Wednesday, May 6, 2009

She's "Got A Little List" (She Never Would Be Missed)

Until yesterday I am not sure that I had heard of Michael Alan Weiner. I had heard of Fred Phelps, because Louis Theroux made a television programme about him called The Most Hated Family in America. I imagine that we'll be hearing more of both of them, though, because the UK government has determined that there was some slender political advantage in naming them as people not welcome here.

Where is the Minister for Stop & Think when you need her?

It goes without saying that the policy of naming these undesirables has been placed in the safe keeping of Jacqui Smith, a politician of whom no news would be good news indeed. Instead of sitting in a corner crying (as any normal human being would with her recent record of catastrophe), the Home Secretary has popped her head above the parapets long enough to champion this list, and someone has even given it the name of "UK's Least Wanted." This suggests that someone in government thought that the idea was good enough to merit a snappy title.

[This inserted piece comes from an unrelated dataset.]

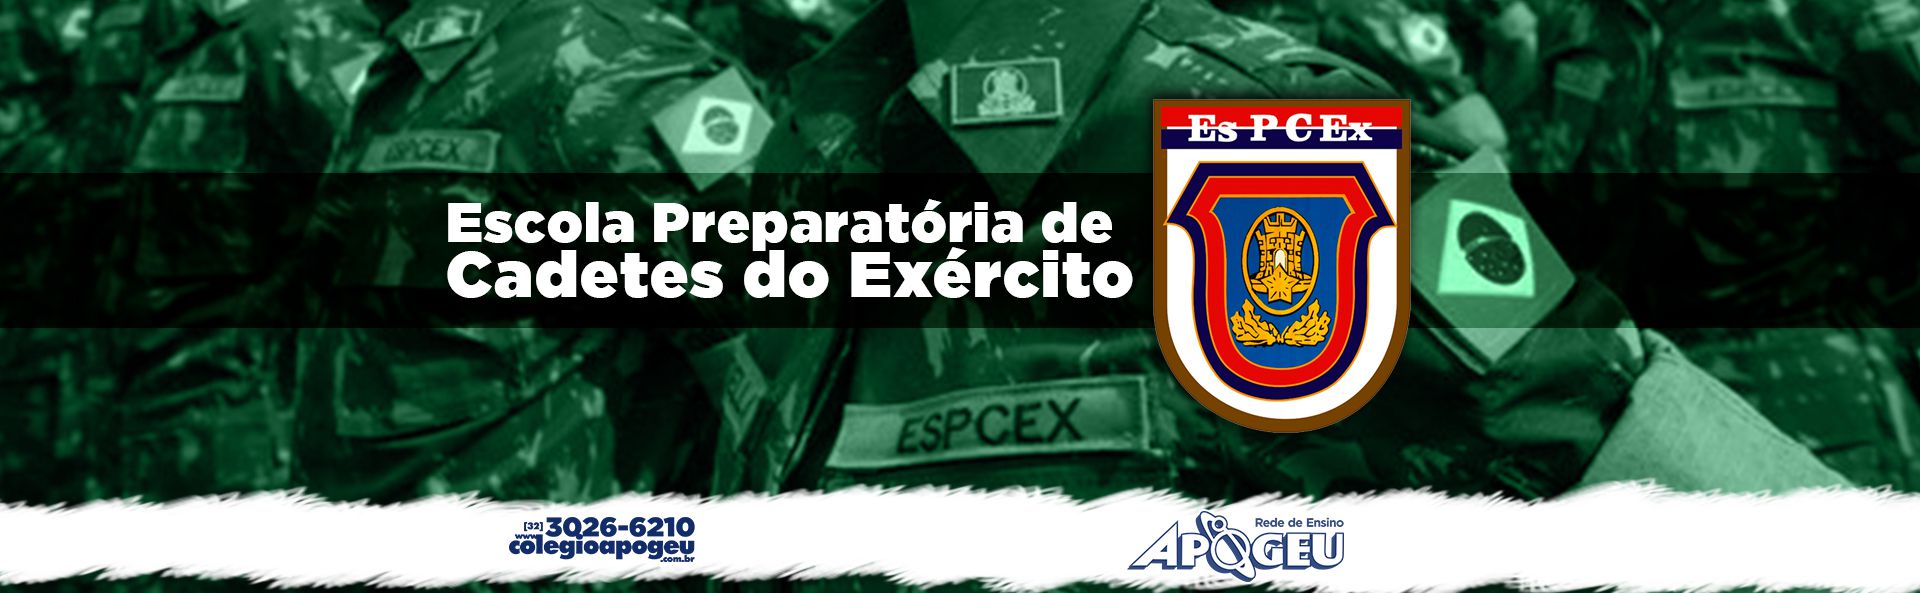 Resolução EsPCEx 2014 - 2º dia by Colégio APOGEU - Issuu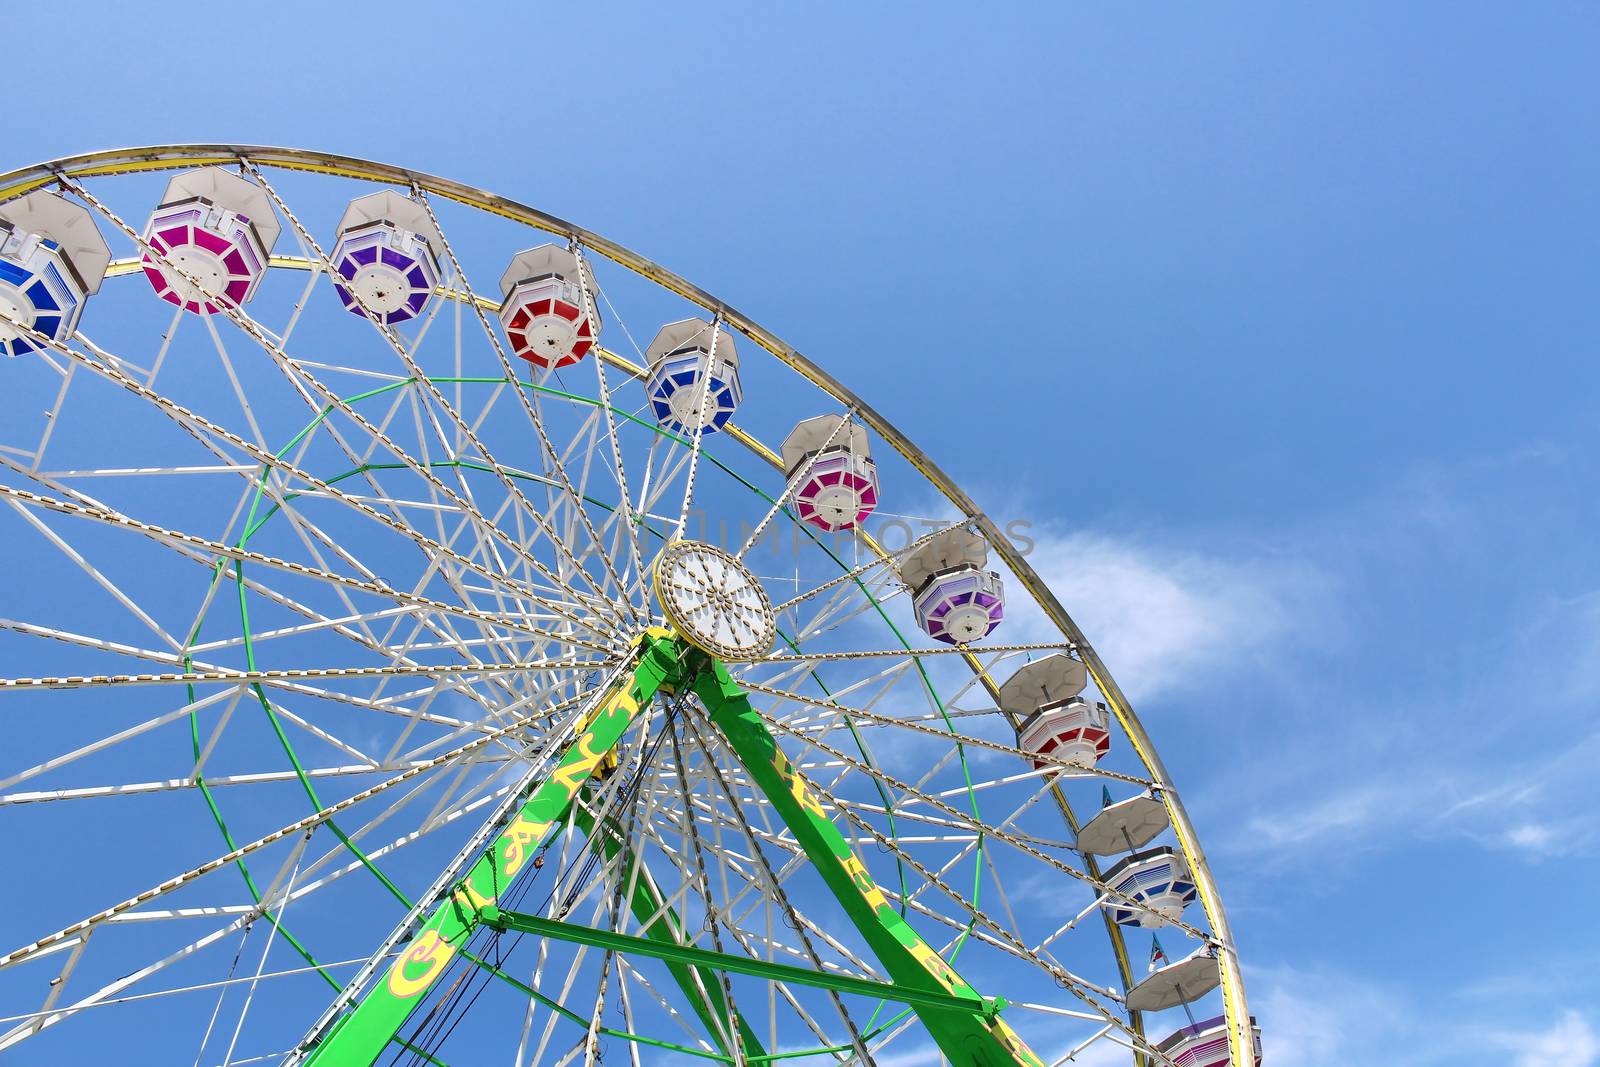 Ferris Wheel at the State Fair

So, of course, the news today is that Michael Alan Weiner is threatening to sue someone for defamation. Given that he has a hugely successful radio show and lives in a country with no shortage of lawyers, I favour his chances of dipping his hands into the pockets of British taxpayers at some point in the near future with a rapacious enthusiasm previously reserved for members of our own parliament.

Even should he fail (perhaps the case will never be brought, perhaps the lawyers for the Crown will be so greased by our money as to slip through his fingers) the net result of all this will be that Britain will extend its reputation as a country where the government is so terrified of dissenting views that it would rather ennoble them with an arbitrary and incompetent ban than expose them to the light of day. Personally, I never heard of a country that banned entrance to a campaigner of any sort without thinking that it was dictatorial and cowardly.

Louis Theroux made Fred Phelps look sinister and unbearable; Jacqui Smith has made him look like a martyr for freedom of speech.

The most worrying element in this, however, is the views for which Weiner has been banned. He is opposed to gay marriage but not apparently to homosexuality in general: a fairly bland view for an American right-winger. He has said some pretty ignorant things about autism, but hardly the sort of thing that posed a risk to public order more grave than a rowdy protest. He is opposed to immigration, which should surely put him and Jacqui on the same page.

He is reputedly anti-Arab and anti-Islamic.

Bingo.

The suspicion dawns that Weiner was not on the list for any especially grave or worrying views that he might hold, but in order to establish that the list of the UK's Least Wanted was not missing a final word: Muslims. Most of those on the list with viable militant credentials are indeed Muslims (not you, Mike Guzofsky) and there is a strong sense that the raison d'etre of the list is an attack on Islamic extremism to which some other names have been scraped up in the interests of apparent balance.

The only potential upside of this list, then, is the publication of a photograph of Jacqui Smith alongside the headline "UK's Least Wanted". With any luck it will be a photograph of the entire cabinet.

1 comment:

Edward said...

Ms Smith has obviously decided that this week is the week to up the ante in the race to become the first elected dictatorship in 21st century Europe. How else to explain the re-emergence, unbruised by the credit crunch, of that other tool of the oppressor, the ID card?